EXERCISE PROMPT
Go to the line with "TOMMY BAHAMA Slubtropics" in the records below, then output it and each following line exactly, up to and including the line with "Quadro 136-00 V". Skip pictures and add nothing.

DATA UNDER STUDY
>>>
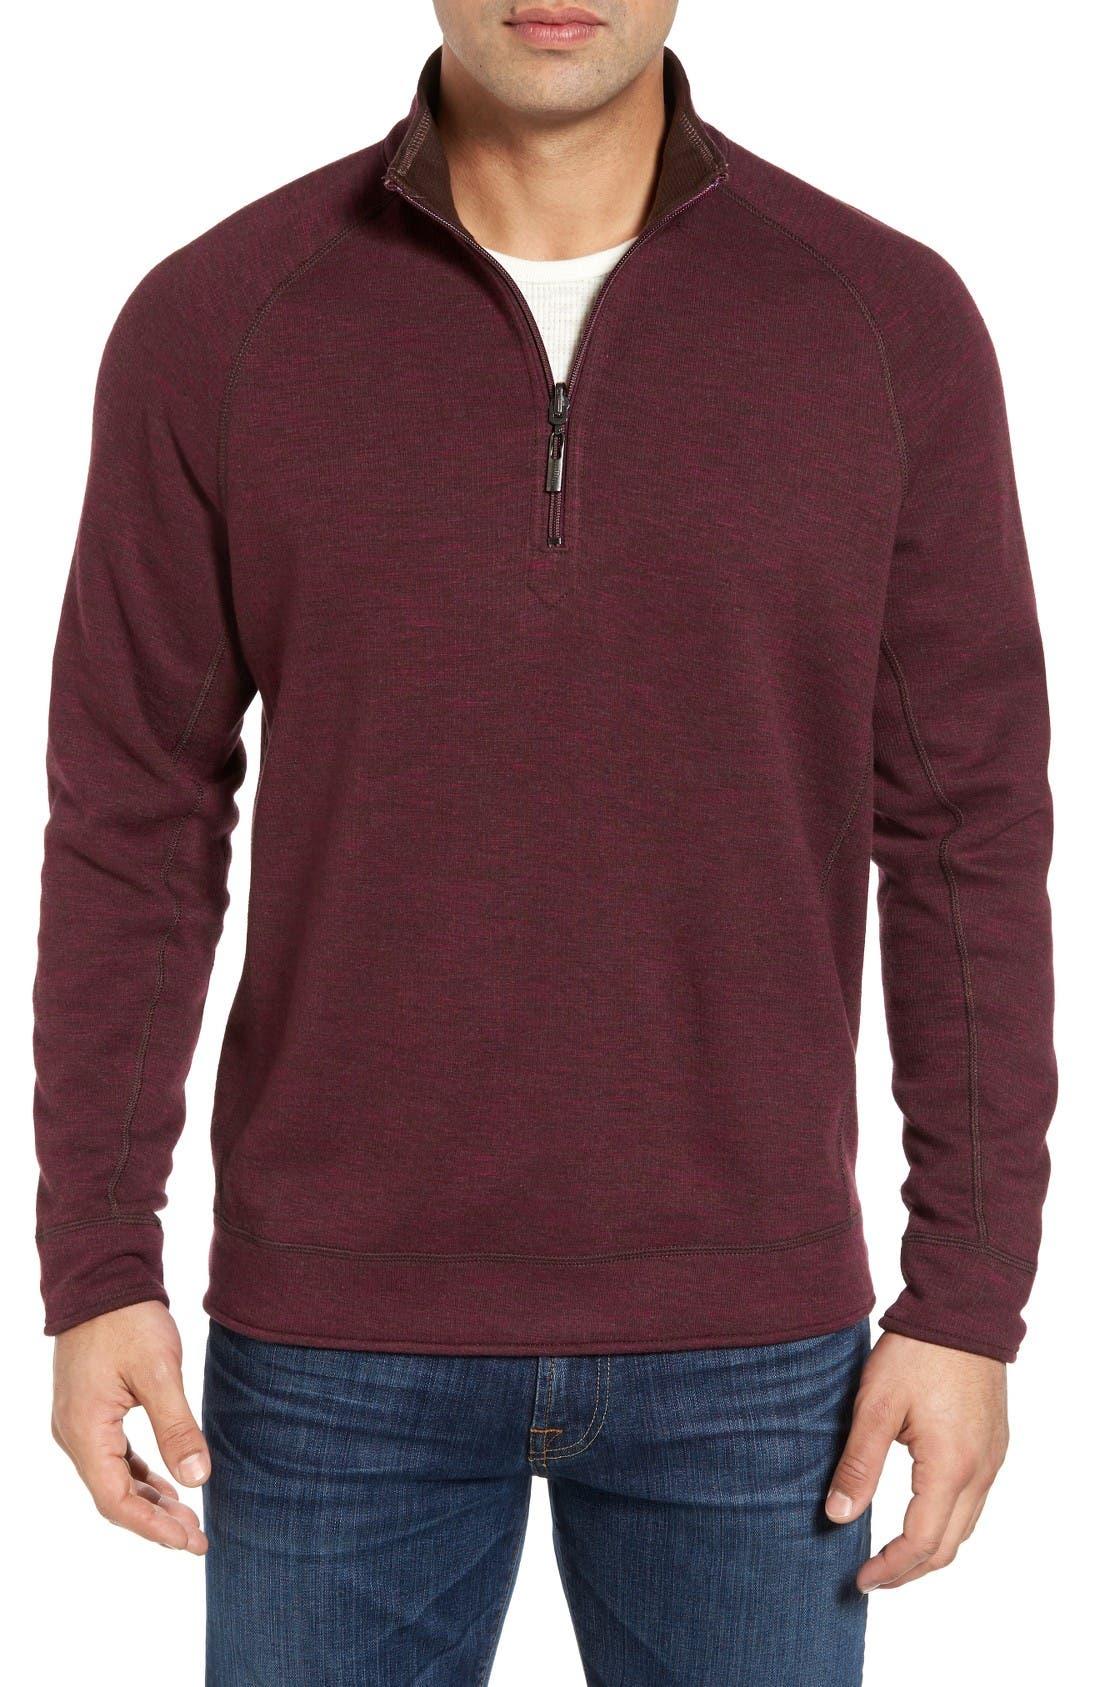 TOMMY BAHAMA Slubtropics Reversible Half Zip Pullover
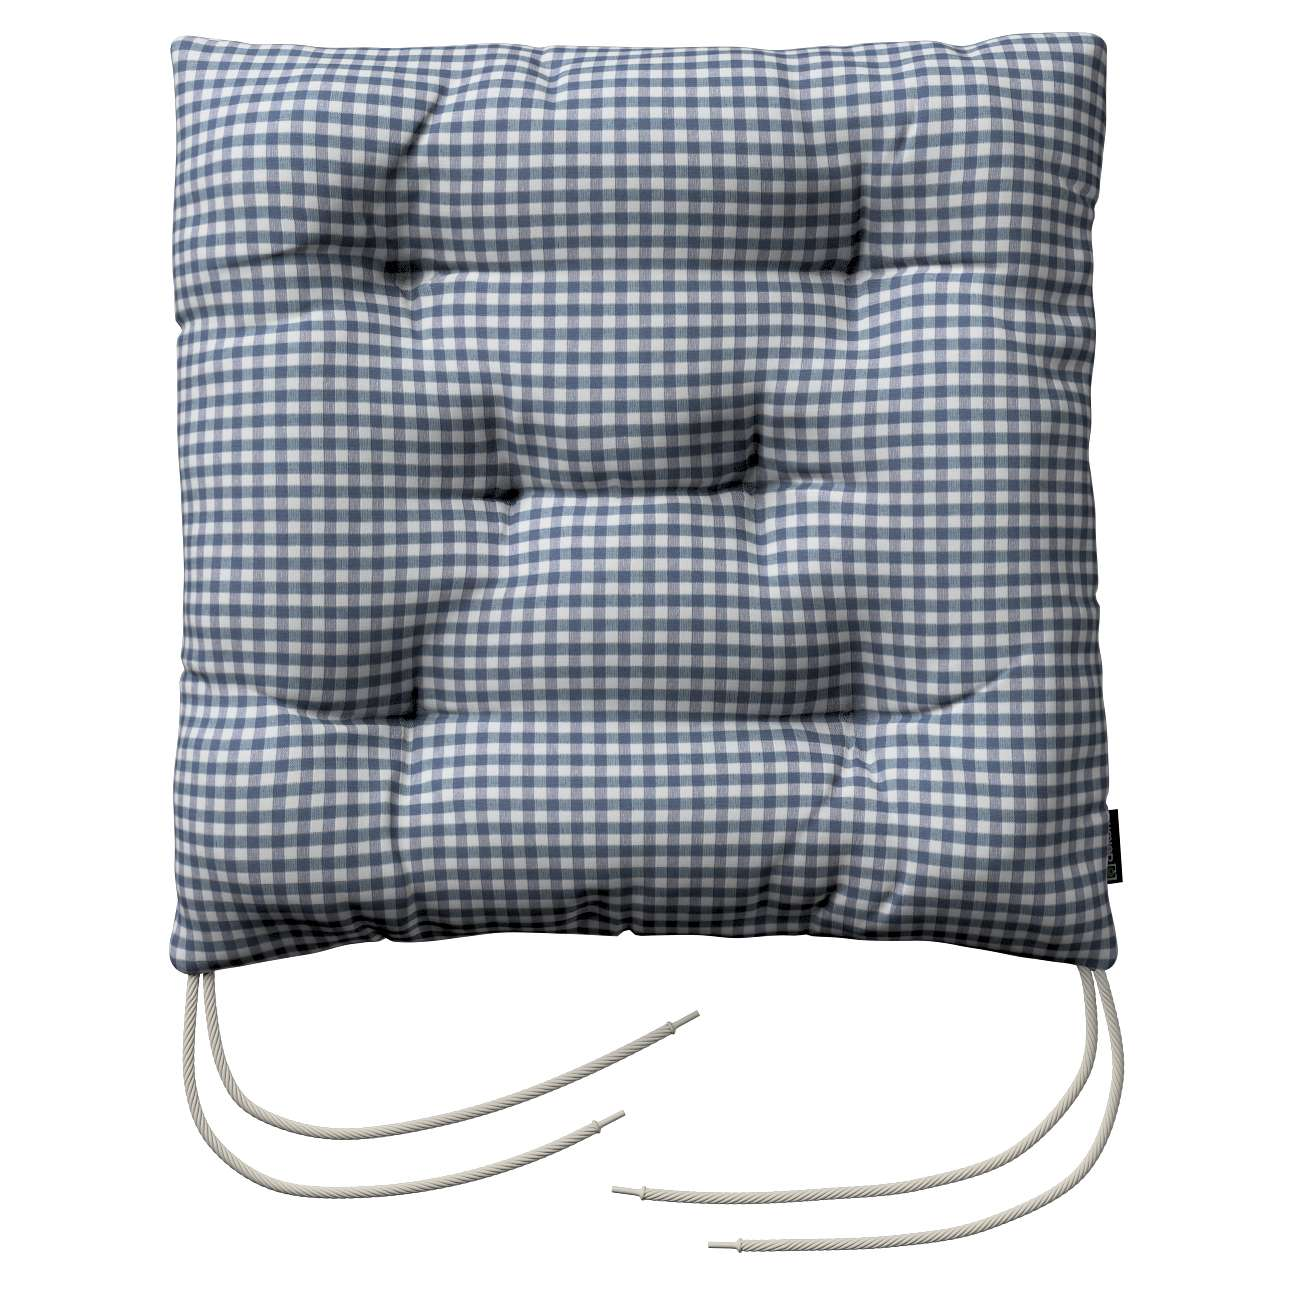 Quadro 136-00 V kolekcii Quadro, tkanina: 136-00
<<<
>>>
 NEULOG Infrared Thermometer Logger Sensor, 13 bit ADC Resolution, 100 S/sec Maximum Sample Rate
<<<
SOLUTION
 TOMMY BAHAMA Slubtropics Reversible Half Zip Pullover
 Quadro 136-00 V kolekcii Quadro, tkanina: 136-00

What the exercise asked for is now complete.